Well, this could shed some light:
When I reach down, I don’t get Jewish chants. I don’t get the Mendelssohn Concerto for Violin, either. And I don’t get Janis Joplin (she’s too close to the surface). What I get, Gospel hymnody, is hardly the stuff of great music. But it’s the music my mother played on the piano when I was in utero.
or maybe this
When I reach down into my subconscious, I find a great deal of stuff my grown-up self would rather not find. Among the Bible readings from which one may choose for the Burial Rite of the Book of Common Prayer of the Episcopal church is one from St. Paul’s epistle to the Romans. It says we are children of God, but we suffer in order to be glorified. I’m basically over the need to suffer that’s down there in my subconscious. I’m not sure about the future glory, so I don’t think I want the suffering.
The kicker to all of this is the ending, lofty prose worthy of Shakespeare.
For I am convinced that neither death, nor life, nor angels, nor rulers, nor things present, nor things to come, nor powers, nor height, nor depth, nor anything else in all creation, will be able to separate us from the love of God in Christ Jesus our Lord (Romans 8:38-39, NRSV).
When I reach down into my subconscious, those words are there.

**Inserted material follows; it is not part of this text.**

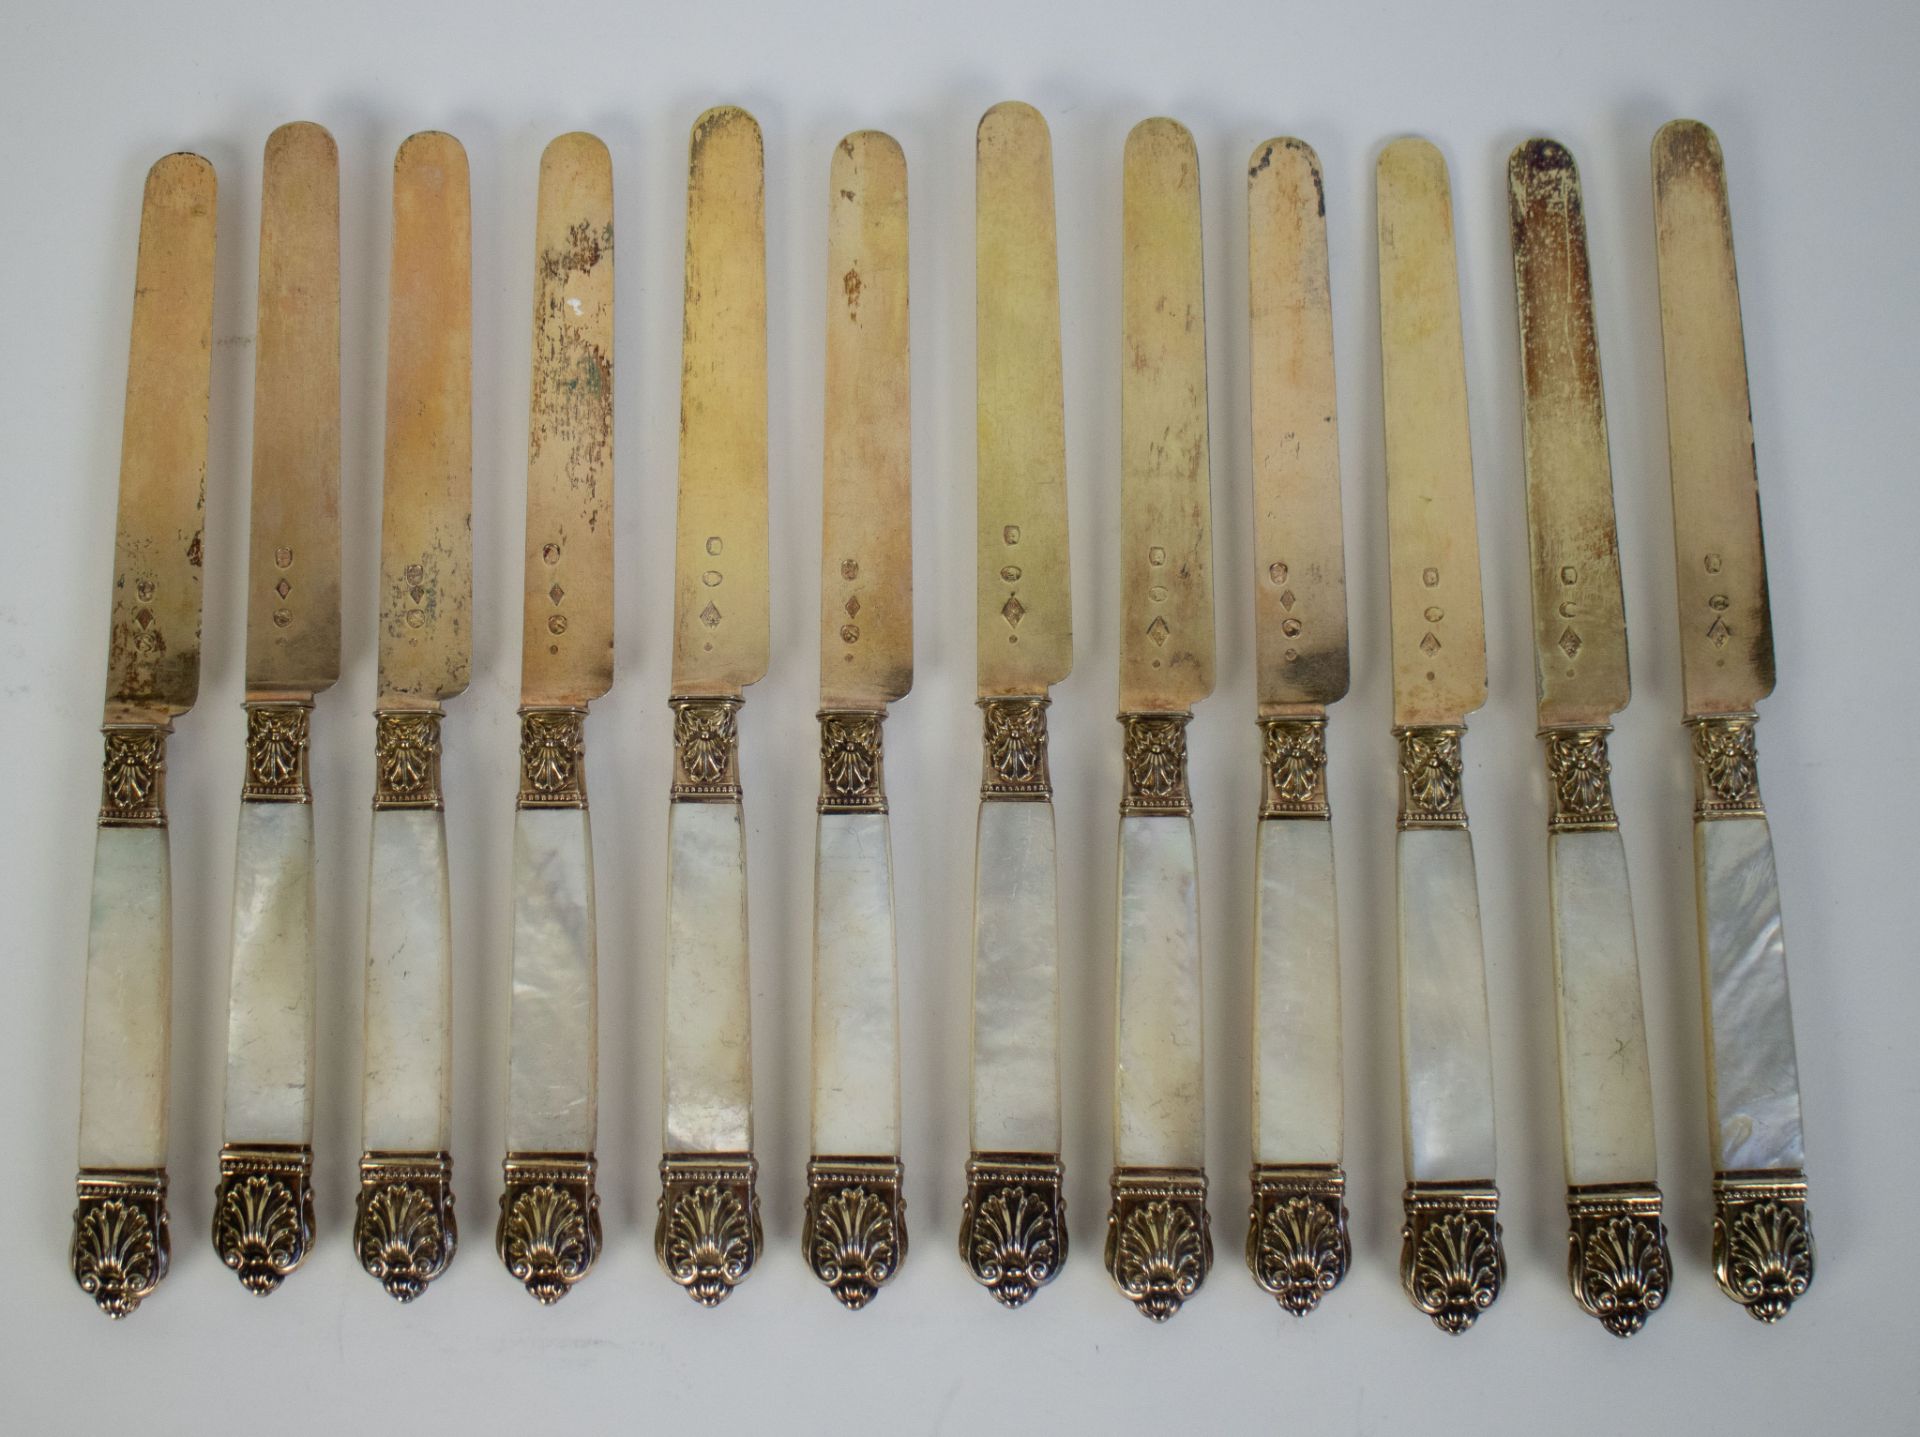 12 blades with vermeille and mother-of-pearl

I have no idea how many times I’ve heard my father read them. More than many. You can’t listen to your father read words like those over and over from the time you are born and not find them when you reach down into your subconscious.
Read the disclaimer now if you didn’t get it in the first place:
This is one of those days when I would have to argue brilliantly to prove to my atheist friends this is not about religion. Get over it. This is about me, not about religion.